C. The Complaint Should be Dismissed Without Prejudice
While this screening merits analysis calls for dismissal of this action in its current form, we recommend that the plaintiff be given another, final opportunity to further litigate this matter by endeavoring to promptly file an amended complaint setting forth well-pleaded claims within the period of the statute of limitations. We recommend this course mindful of the fact that in civil rights cases pro se plaintiffs often should be afforded an opportunity to amend a complaint before the complaint is dismissed in its entirety, see Fletcher-Hardee Corp. v. Pote Concrete Contractors , 482 F.3d 247, 253 (3d Cir. 2007), unless granting further leave to amend is not necessary in a case such as this where amendment would be futile or result in undue delay, Alston v. Parker , 363 F.3d 229, 235 (3d Cir. 2004). Accordingly, it is recommended that the court provide the plaintiff with an opportunity to correct these deficiencies in the pro se complaint, by dismissing this deficient complaint at this time without prejudice to one final effort by the plaintiff to comply with the rules governing civil actions in federal court, by filing an amended complaint containing any timely and proper claims which he may have.
Accordingly, for the foregoing reasons, the plaintiff's request to proceed in forma pauperis is GRANTED, but IT IS RECOMMENDED that the plaintiff's complaint be dismissed without prejudice to the plaintiff endeavoring to correct the defects cited in this report, provided that the plaintiff acts within 20 days of any dismissal order.
The Parties are further placed on notice that pursuant to Local Rule 72.3:
Any party may object to a magistrate judge's proposed findings, recommendations or report addressing a motion or matter described in 28 U.S.C. § 636 (b)(1)(B) or making a recommendation for the disposition of a prisoner case or a habeas corpus petition within fourteen (14) days after being served with a copy thereof.

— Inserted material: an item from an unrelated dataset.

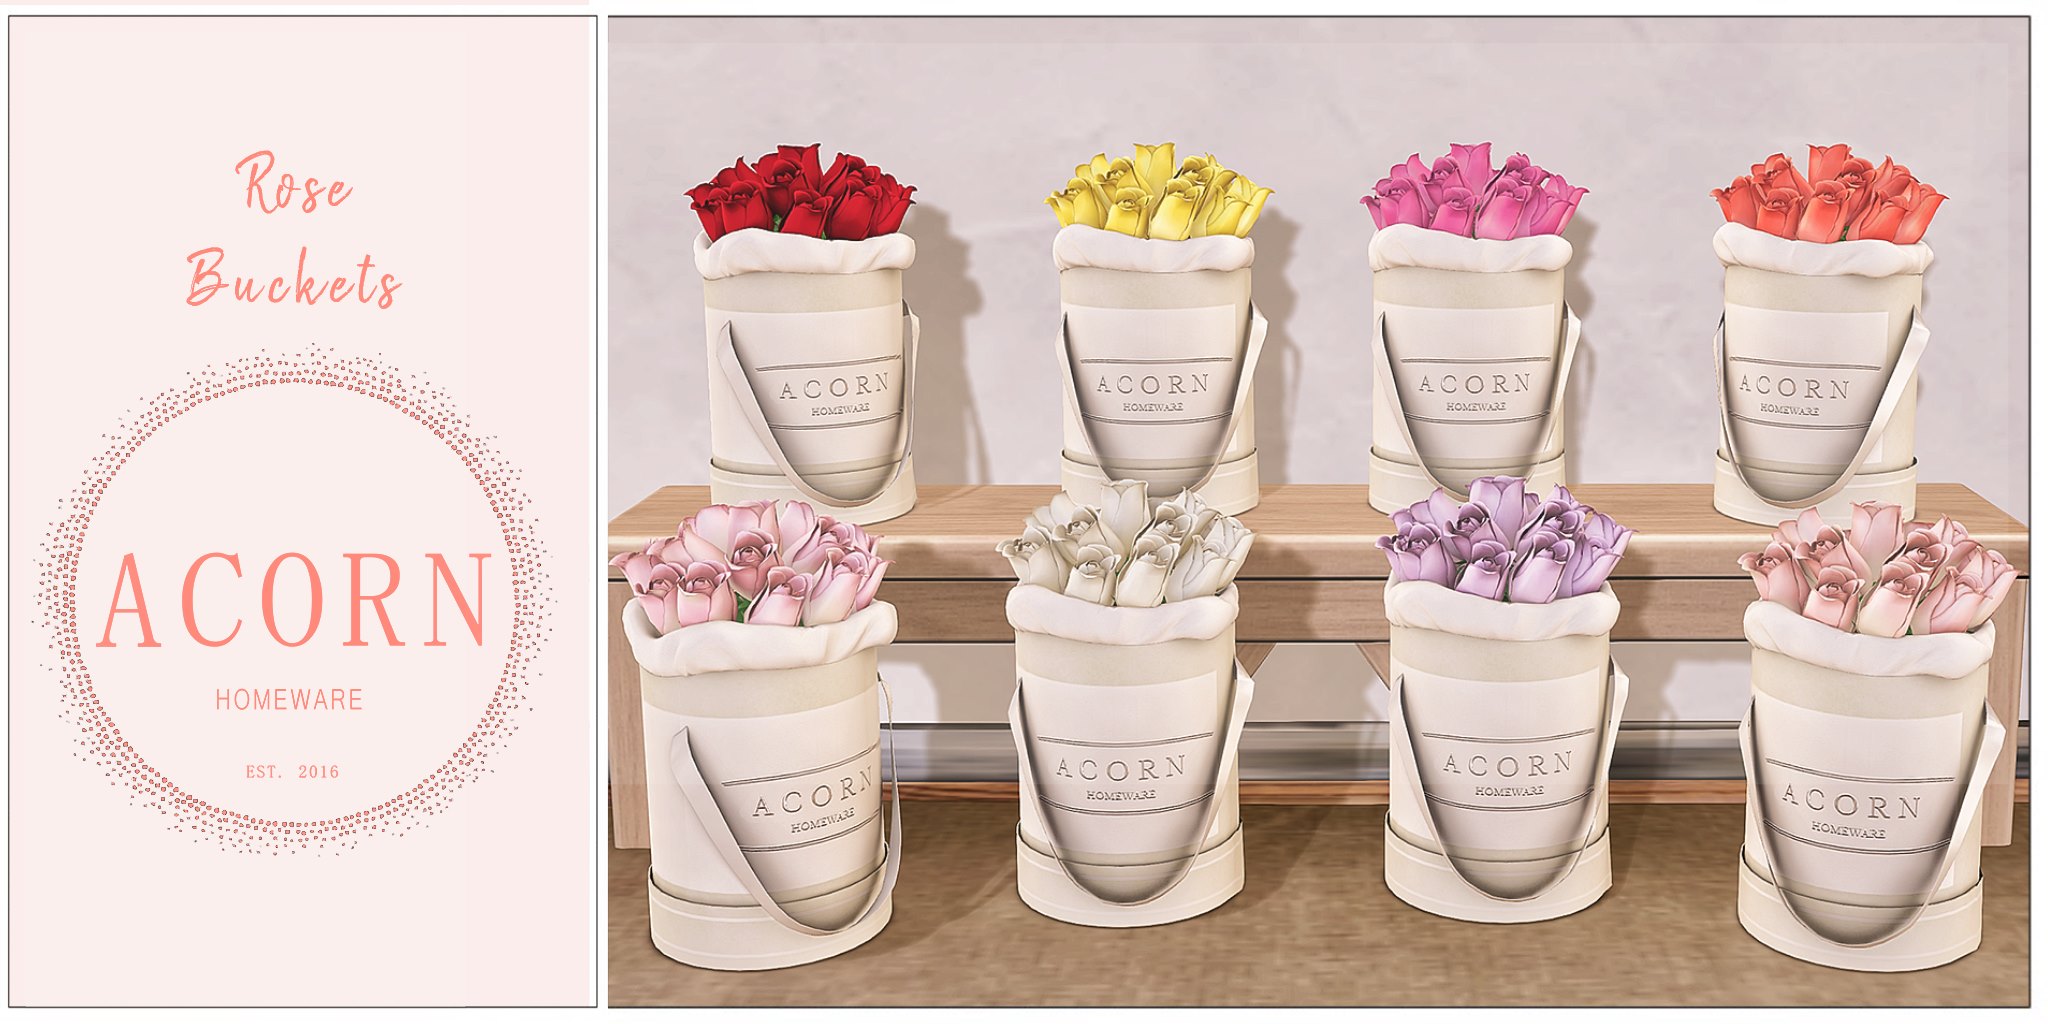 Acorn – Rose Buckets
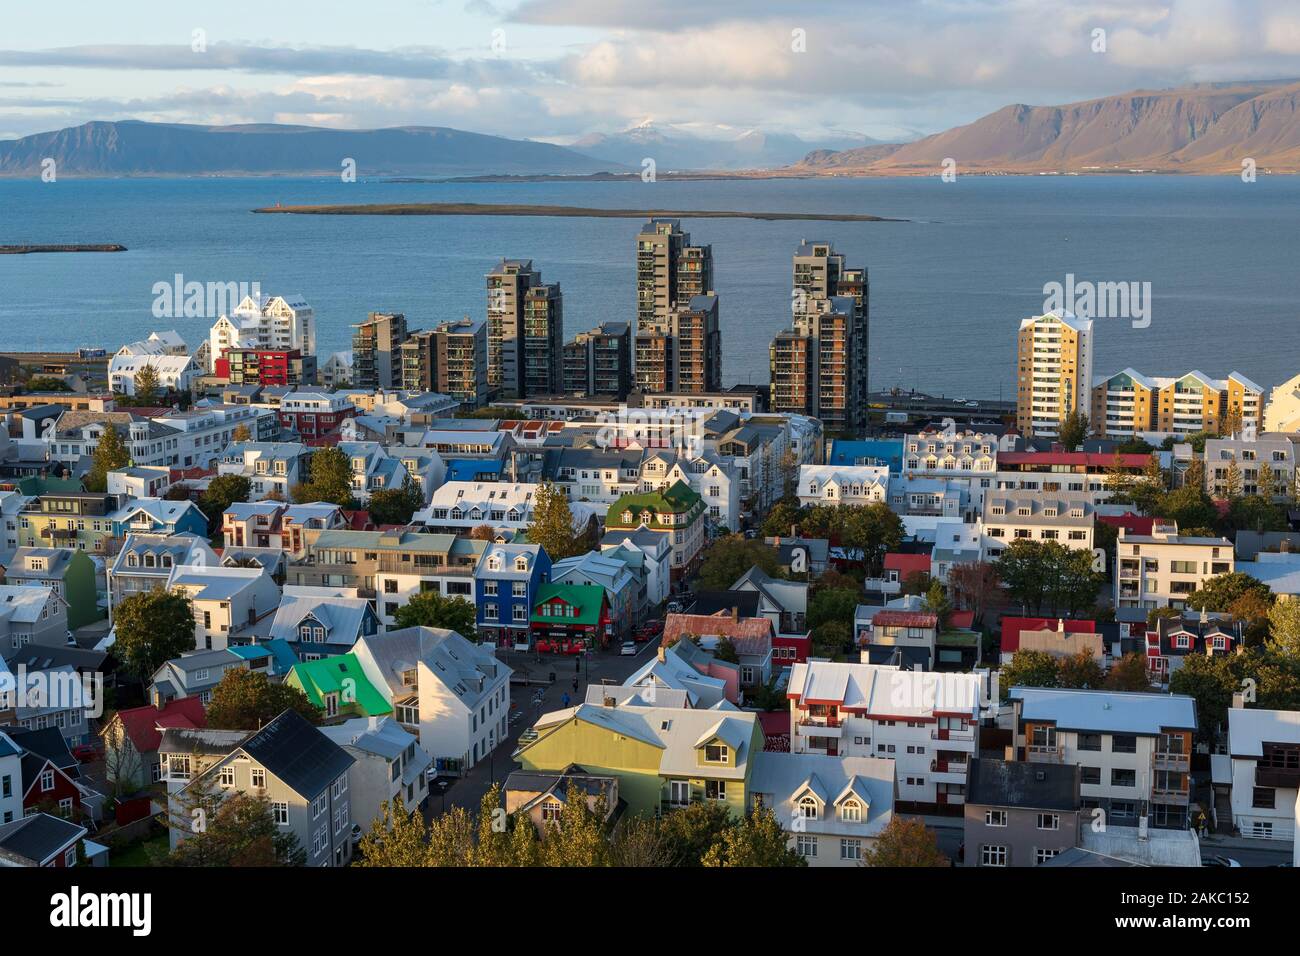 Iceland, Capital Region, Reykjavik, Reykjavik from the bell tower of Hallgrimskirkja Stock Photo

Such party shall file with the clerk of court, and serve on the magistrate judge and all parties, written objections which shall specifically identify the portions of the proposed findings, recommendations or report to which objection is made and the basis for such objections. The briefing requirements set forth in Local Rule 72.2 shall apply. A judge shall make a de novo determination of those portions of the report or specified proposed findings or recommendations to which objection is made and may accept, reject, or modify, in whole or in part, the findings or recommendations made by the magistrate judge. The judge, however, need conduct a new hearing only in his or her discretion or where required by law, and may consider the record developed before the magistrate judge, making his or her own determination on the basis of that record. The judge may also receive further evidence, recall witnesses or recommit the matter to the magistrate judge with instructions.